• _Problem details_:
Copy the lines below exactly. No picture goes into the copy.

• _Data excerpt_:

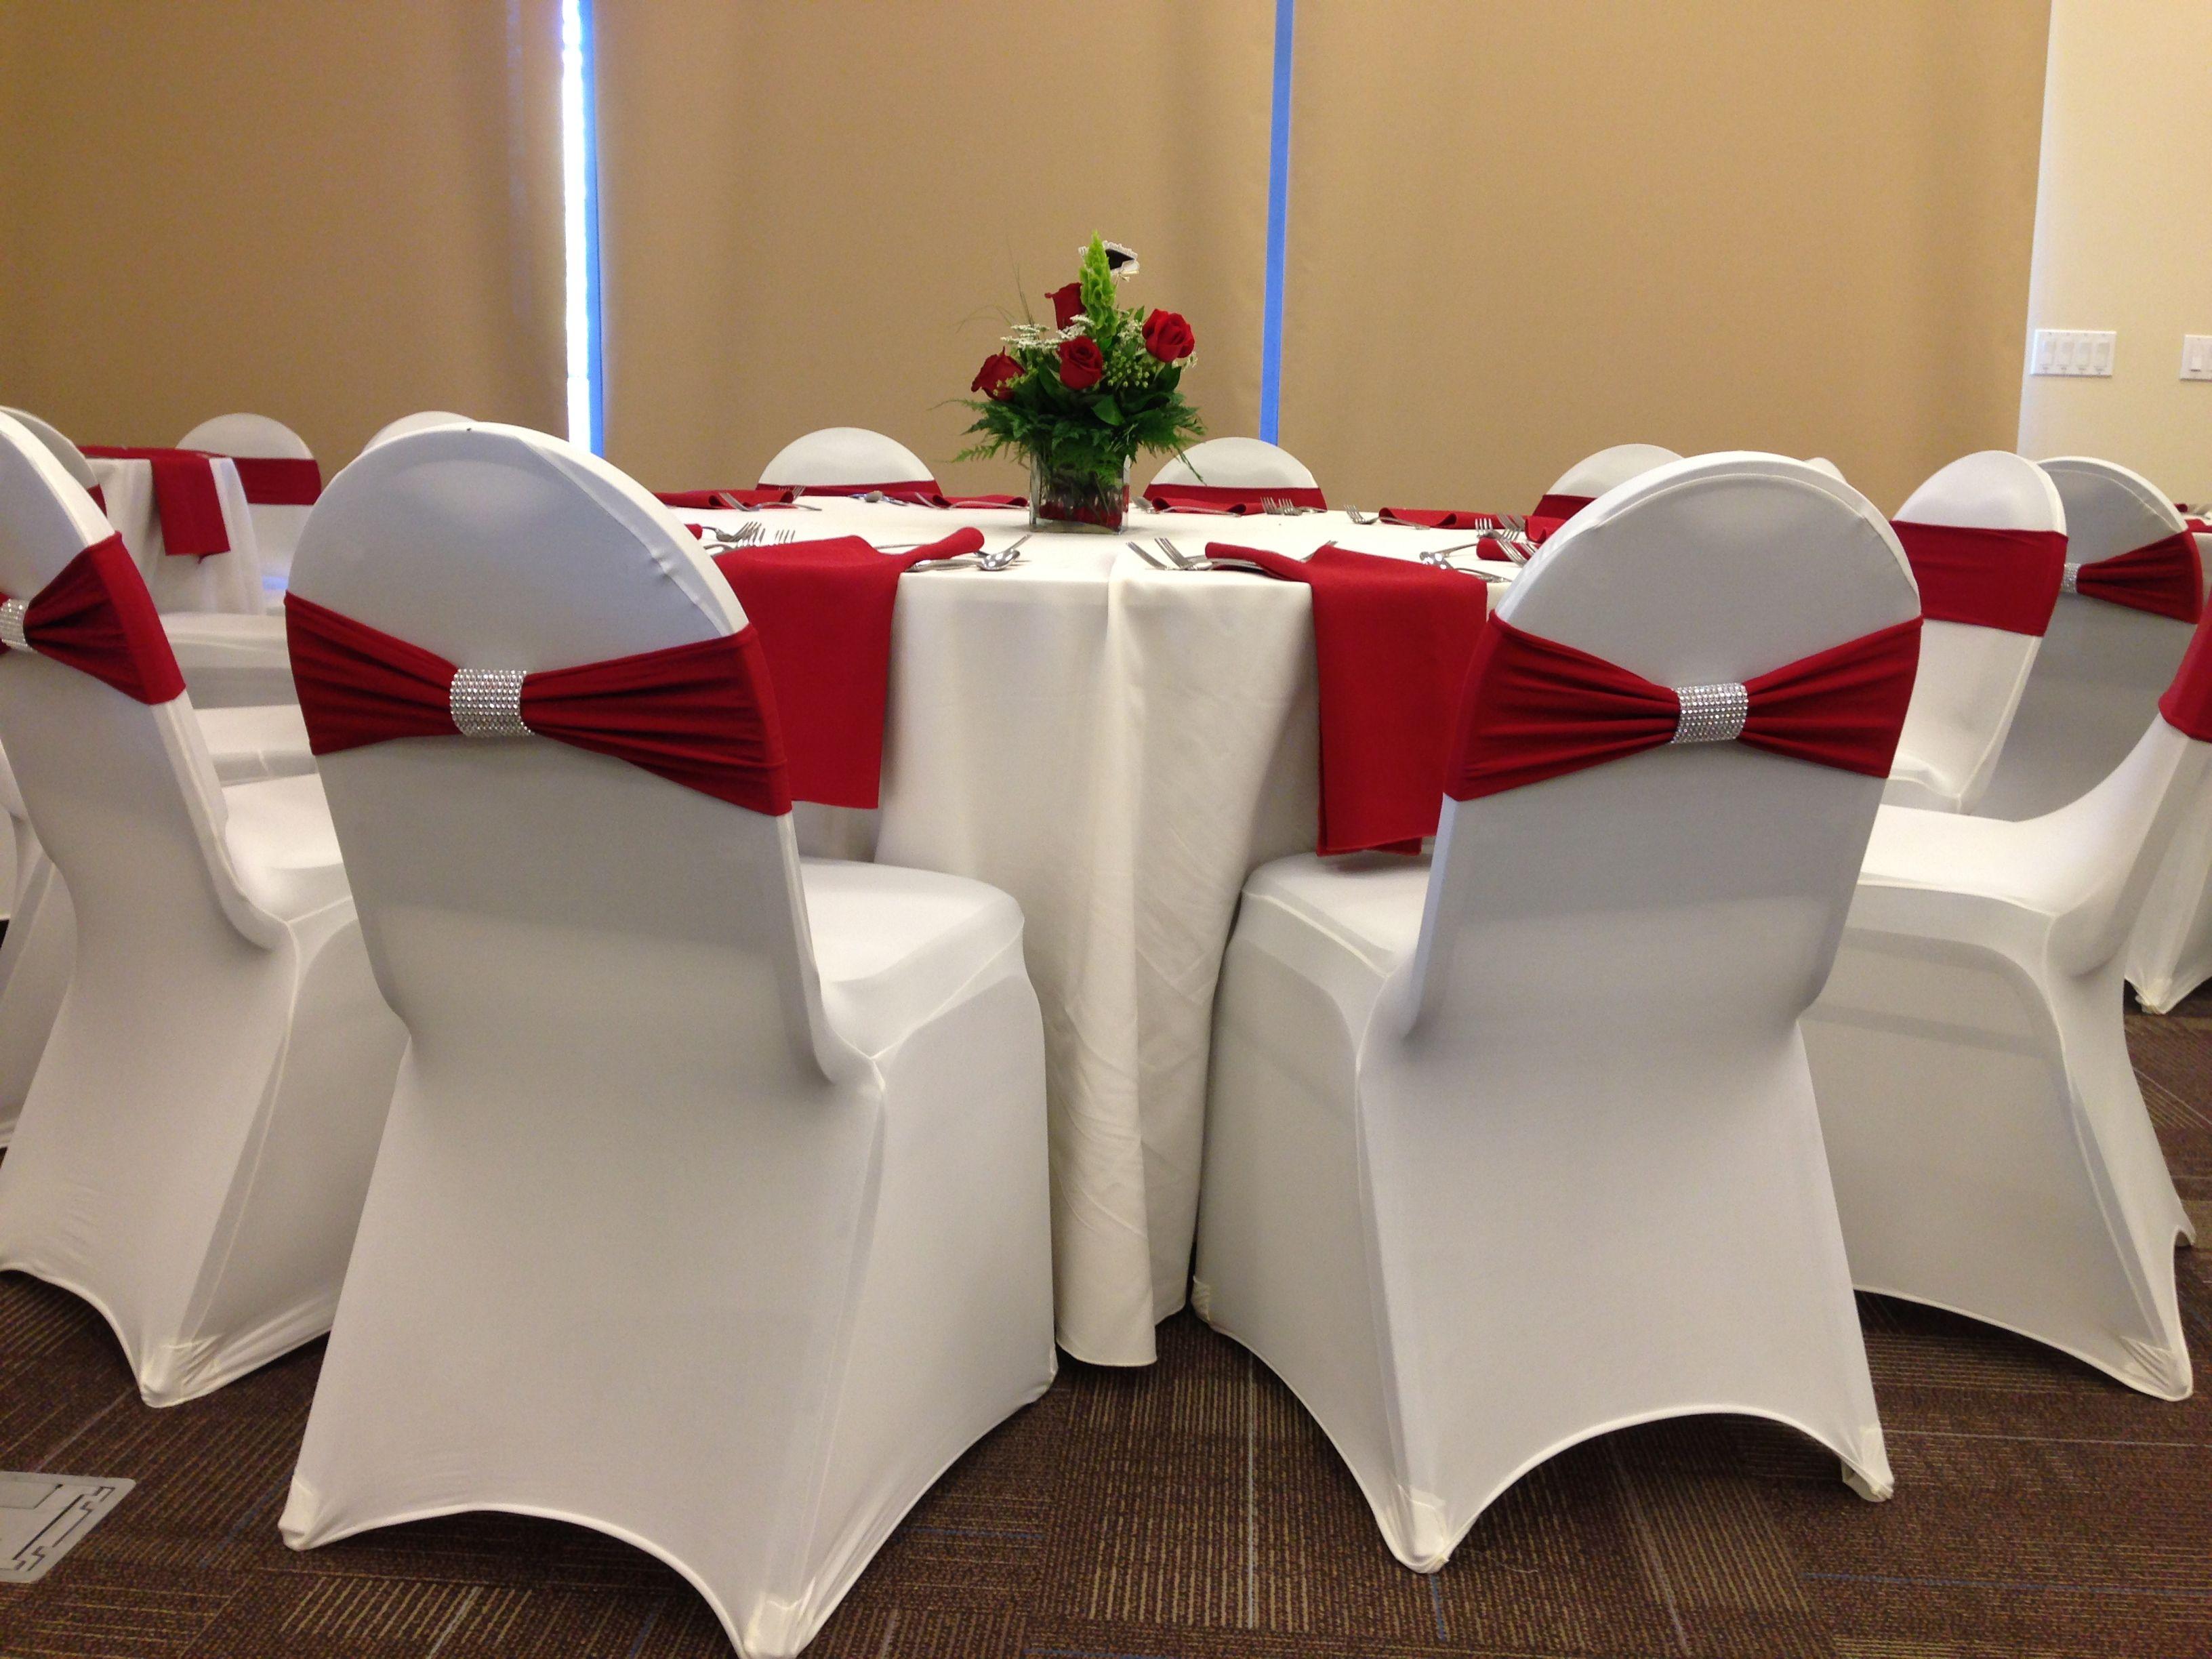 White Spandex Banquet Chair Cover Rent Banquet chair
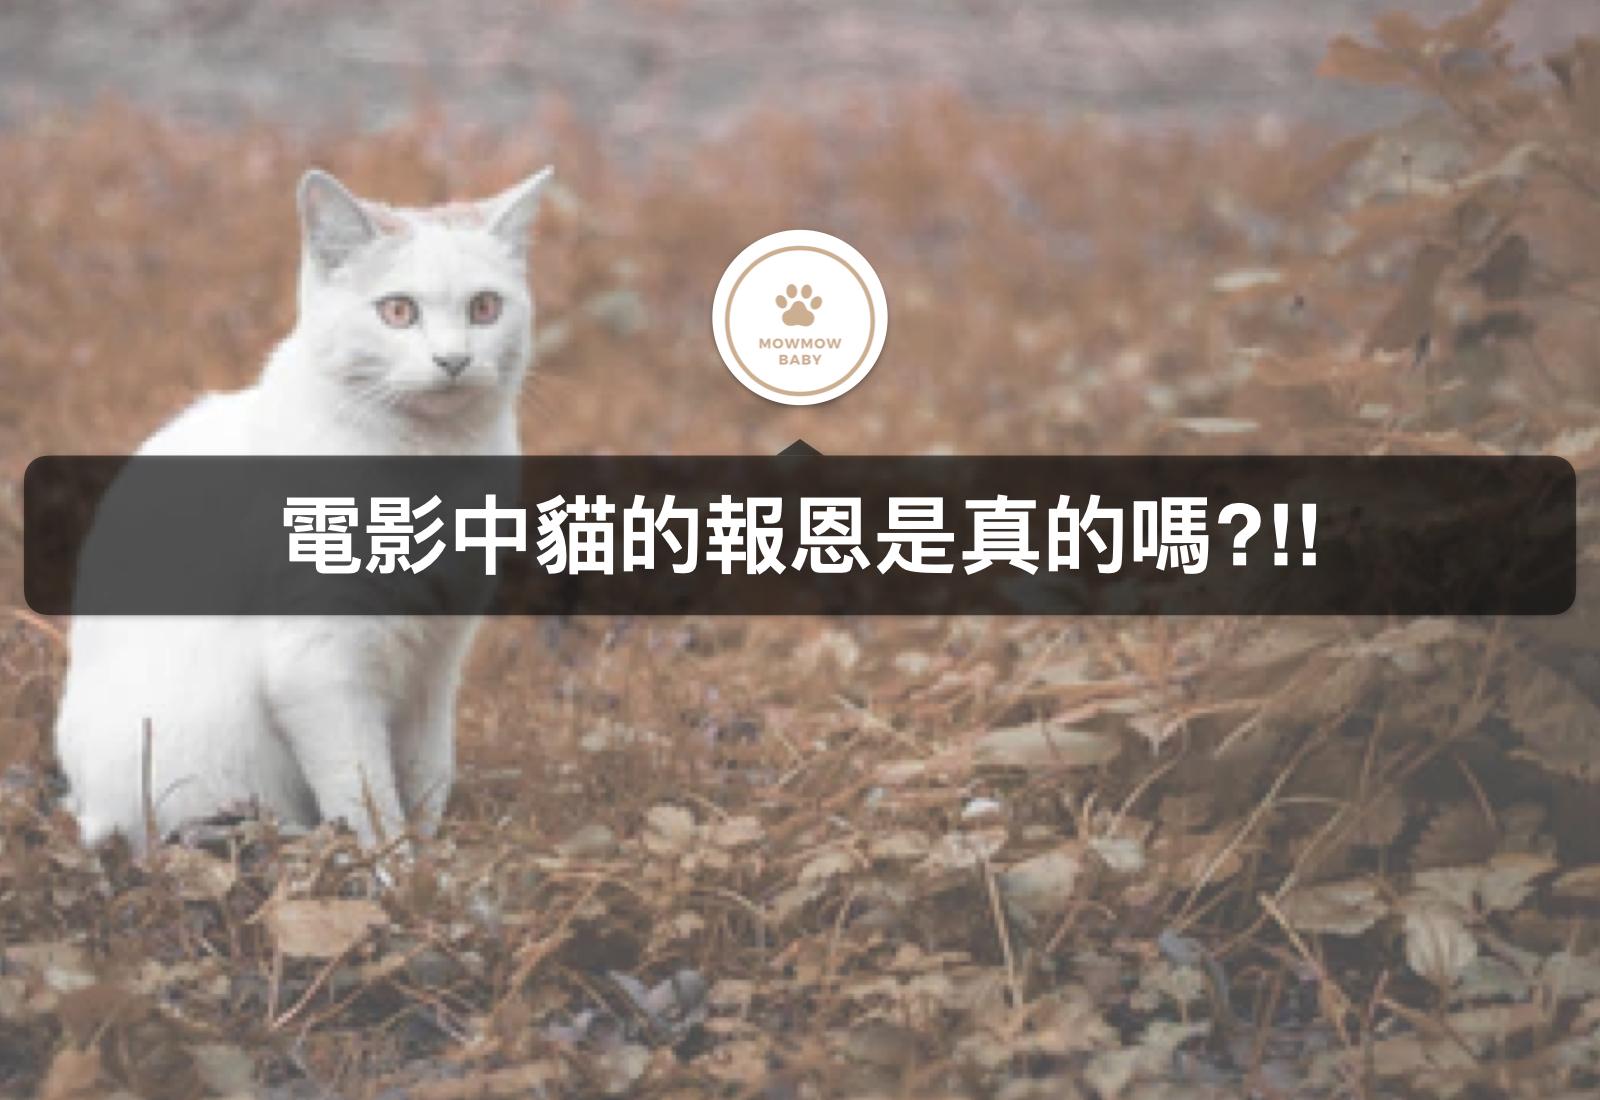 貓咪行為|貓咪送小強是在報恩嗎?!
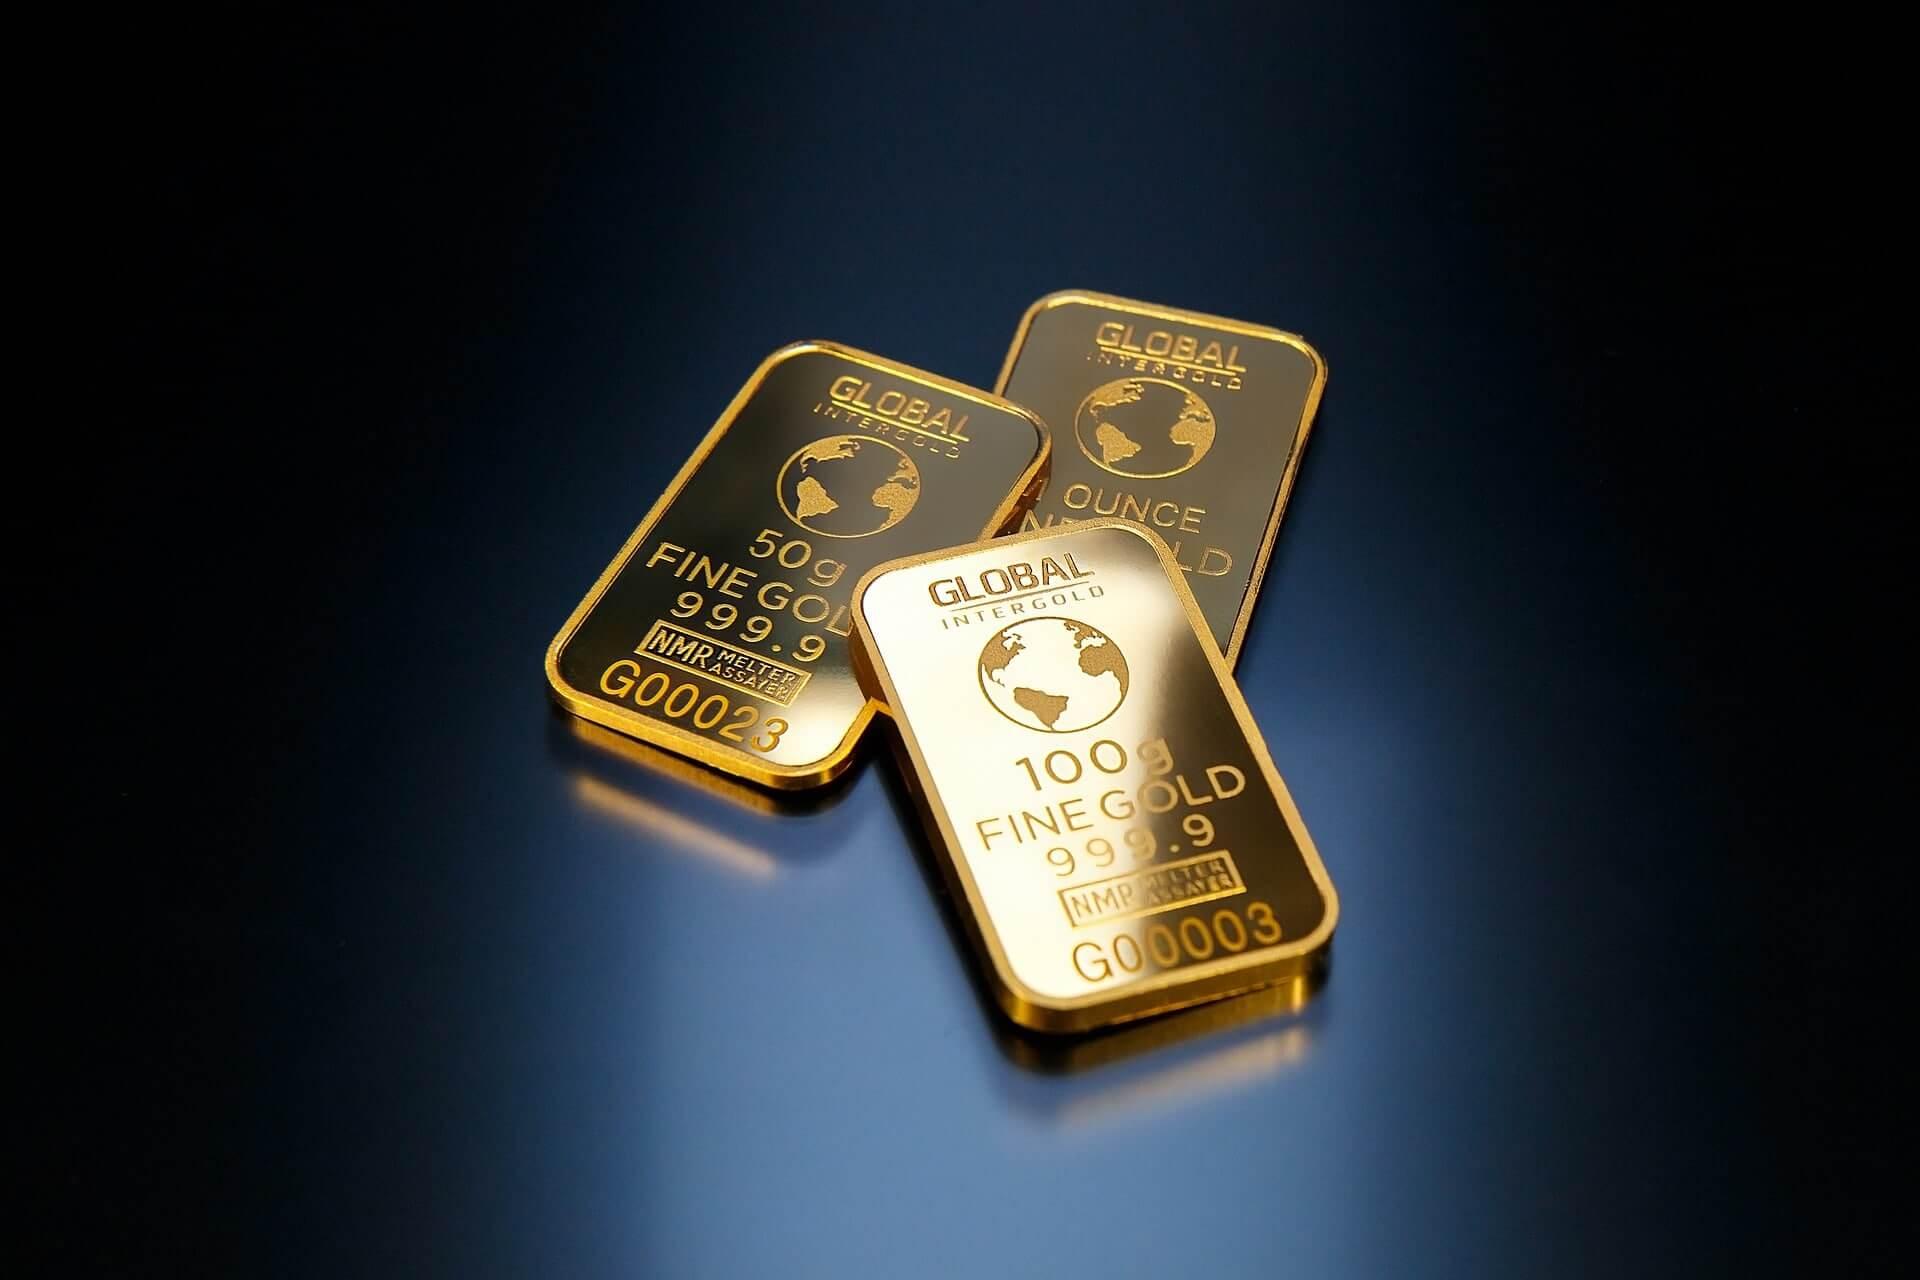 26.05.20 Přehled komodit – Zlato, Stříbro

• _Task answer_:
 White Spandex Banquet Chair Cover Rent Banquet chair
 貓咪行為|貓咪送小強是在報恩嗎?!
 26.05.20 Přehled komodit – Zlato, Stříbro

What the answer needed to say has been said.